DATA EXTRACT:

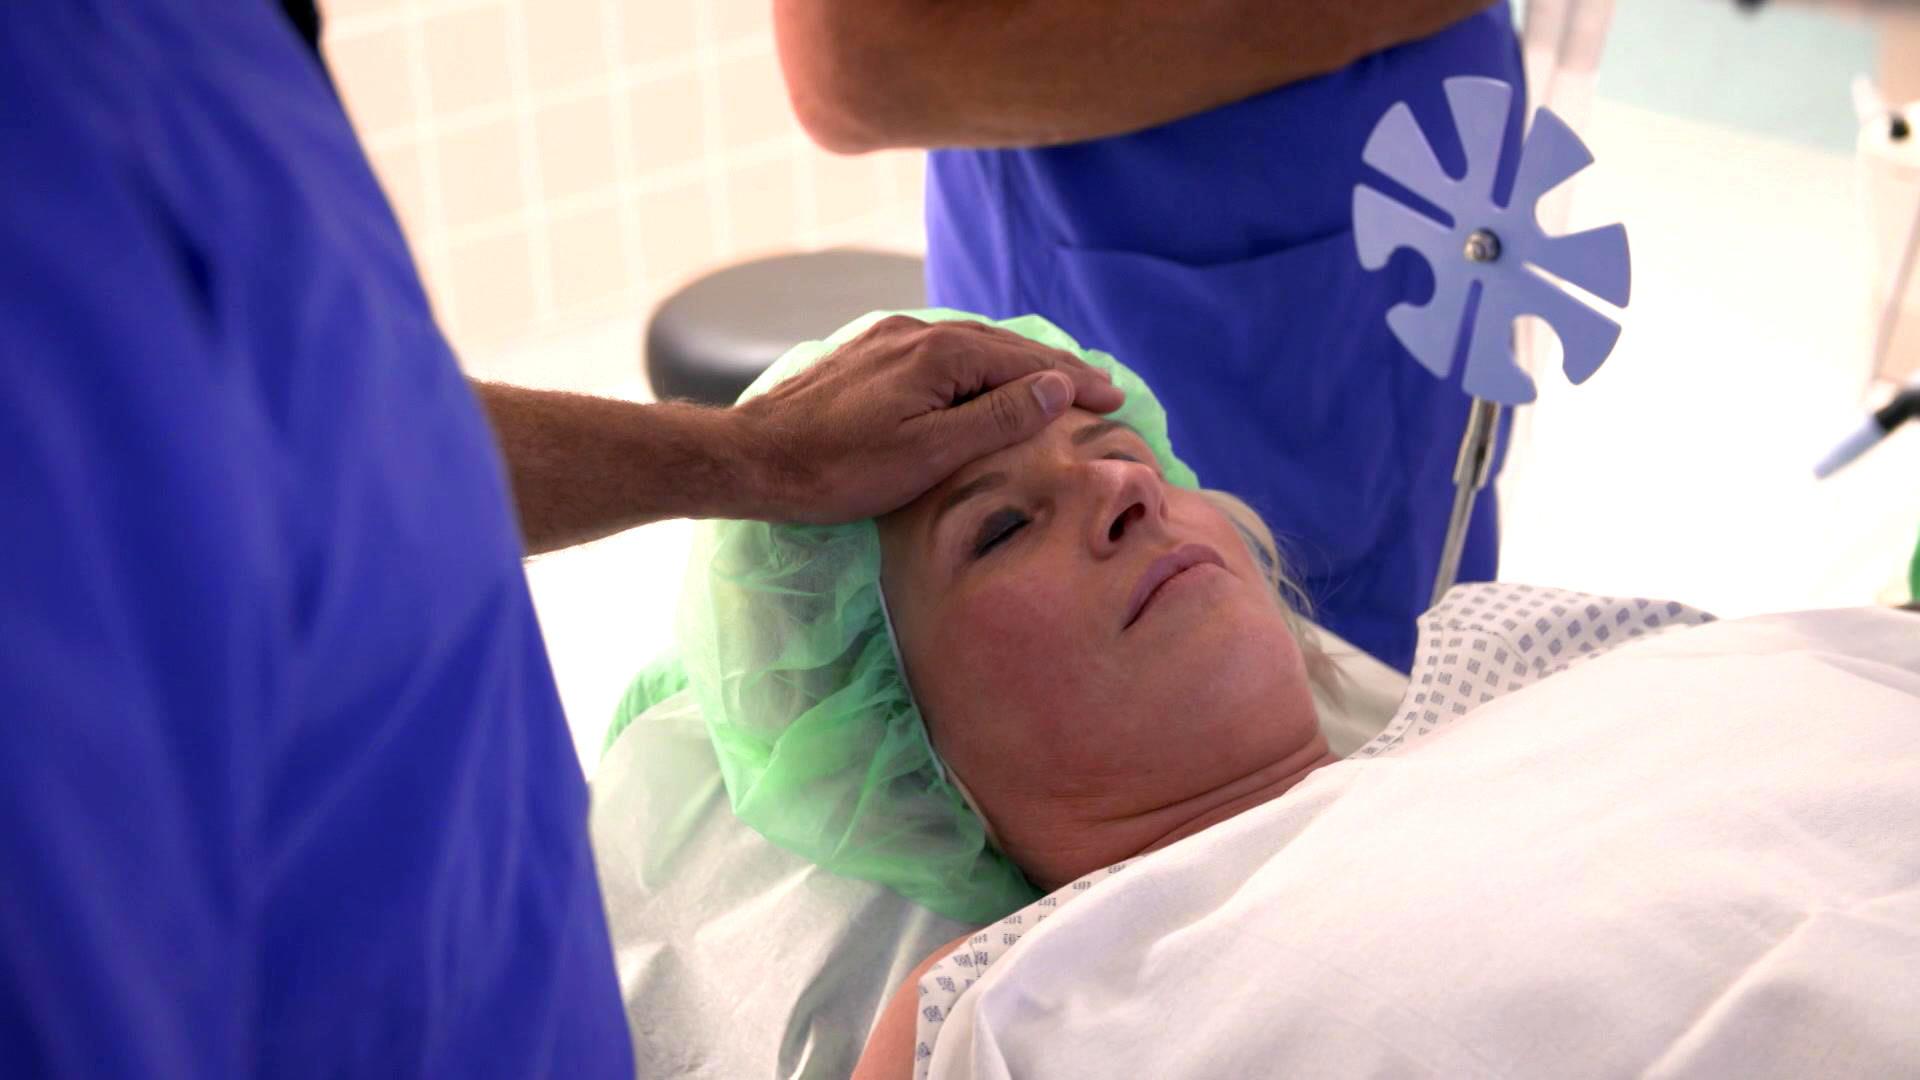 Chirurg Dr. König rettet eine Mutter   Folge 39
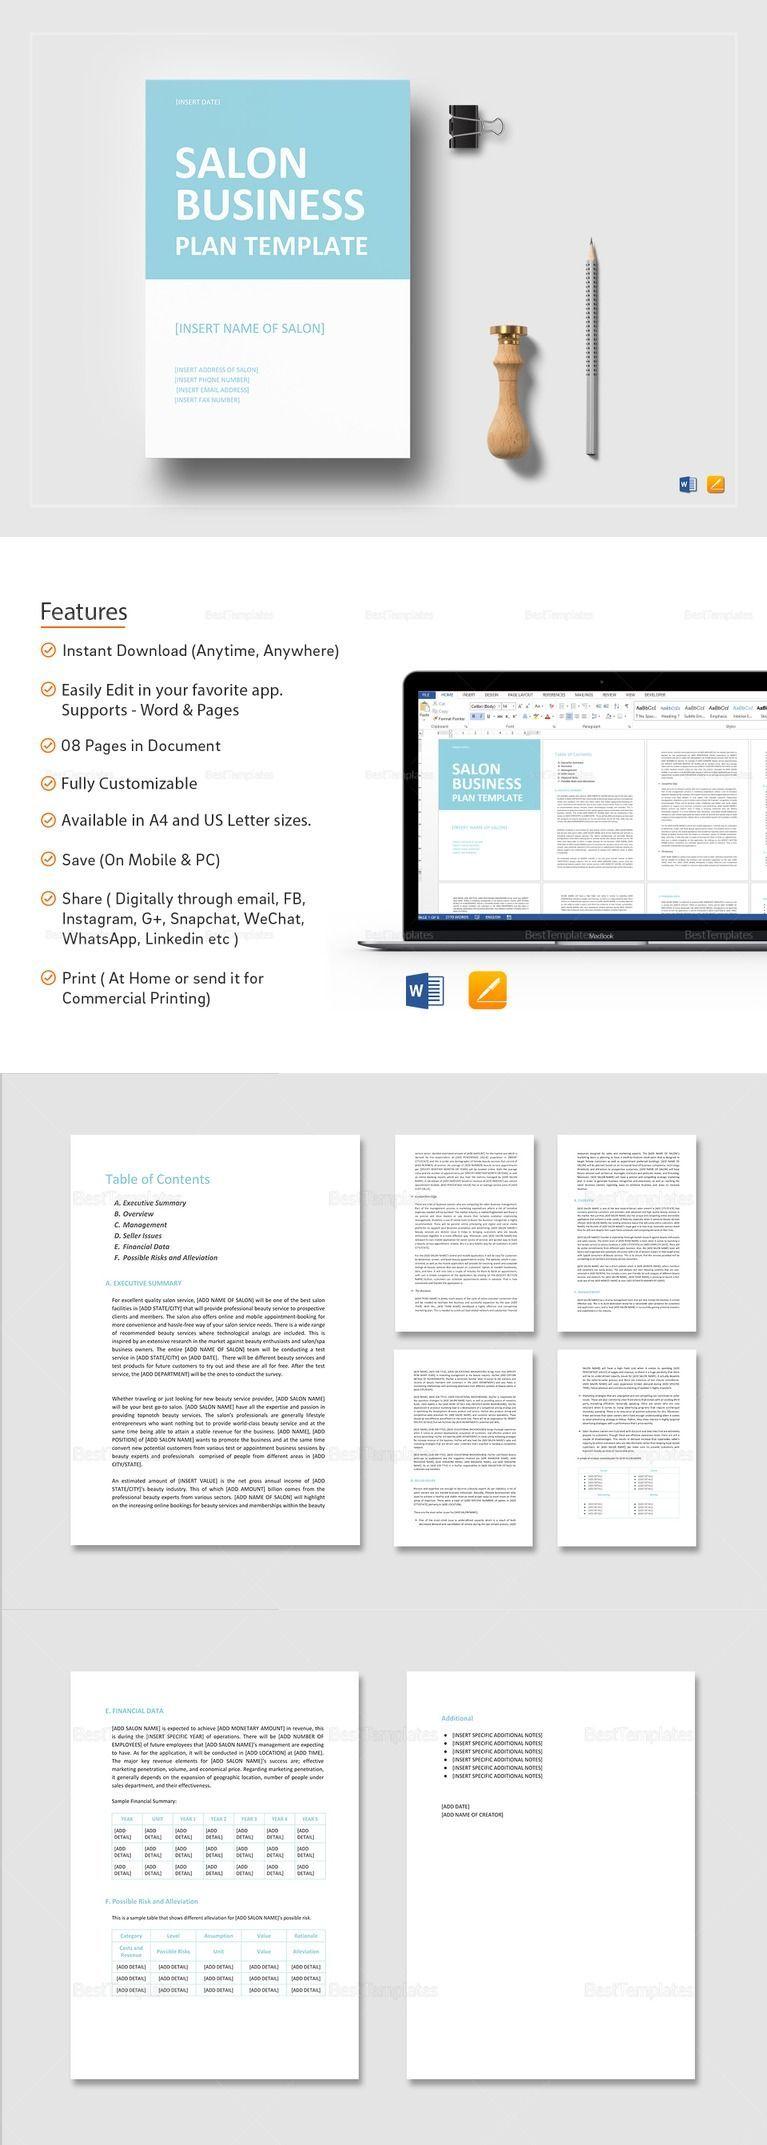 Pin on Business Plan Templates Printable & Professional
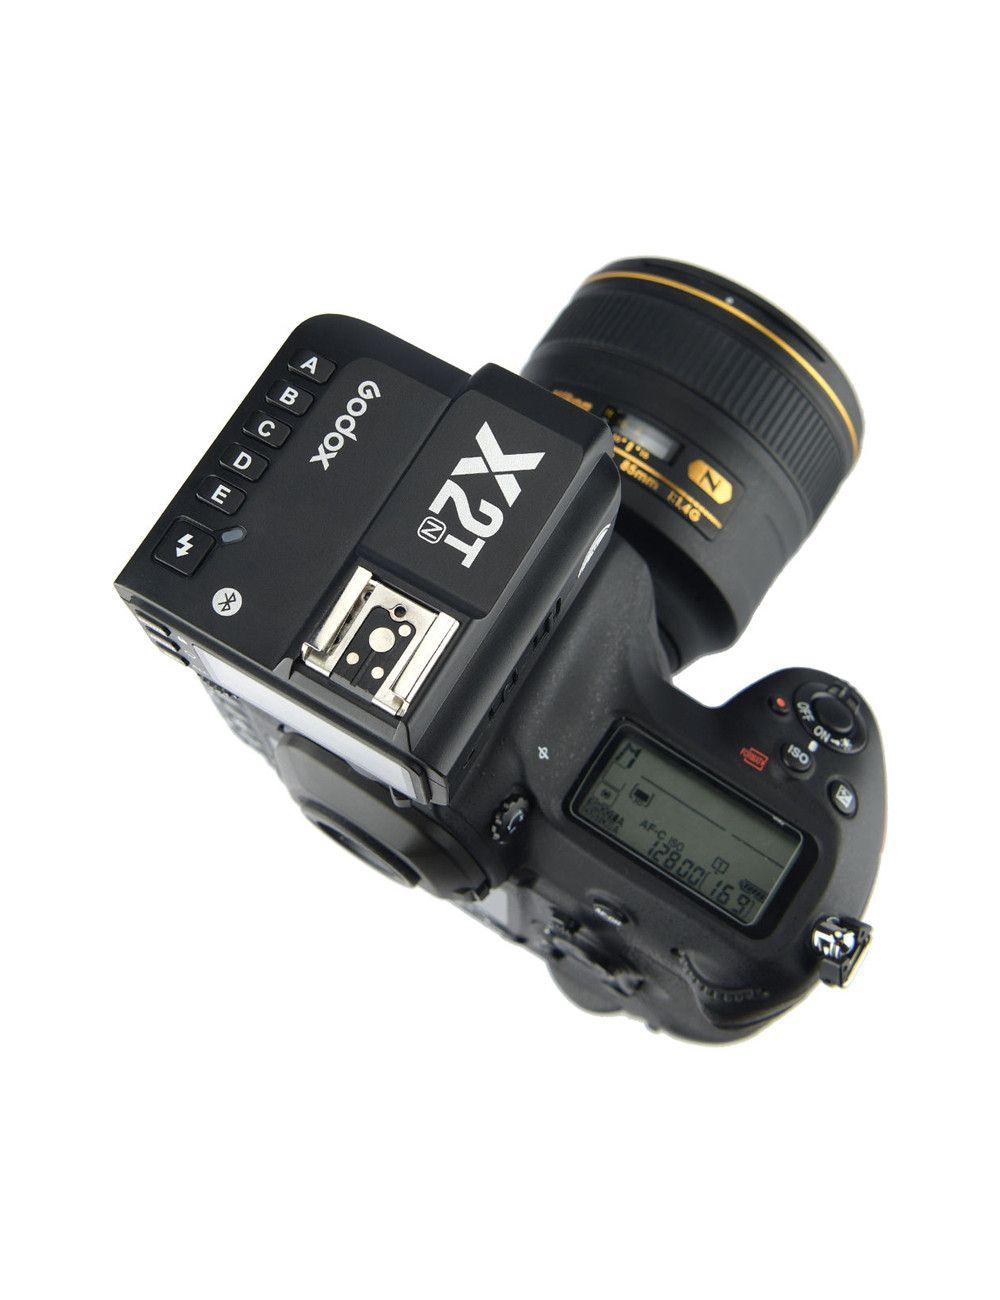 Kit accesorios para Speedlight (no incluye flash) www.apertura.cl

WORK INSTRUCTIONS: Omitting all images, print the listing exactly.

PROBLEM SOLUTION:
 Chirurg Dr. König rettet eine Mutter   Folge 39
 Pin on Business Plan Templates Printable & Professional
 Kit accesorios para Speedlight (no incluye flash) www.apertura.cl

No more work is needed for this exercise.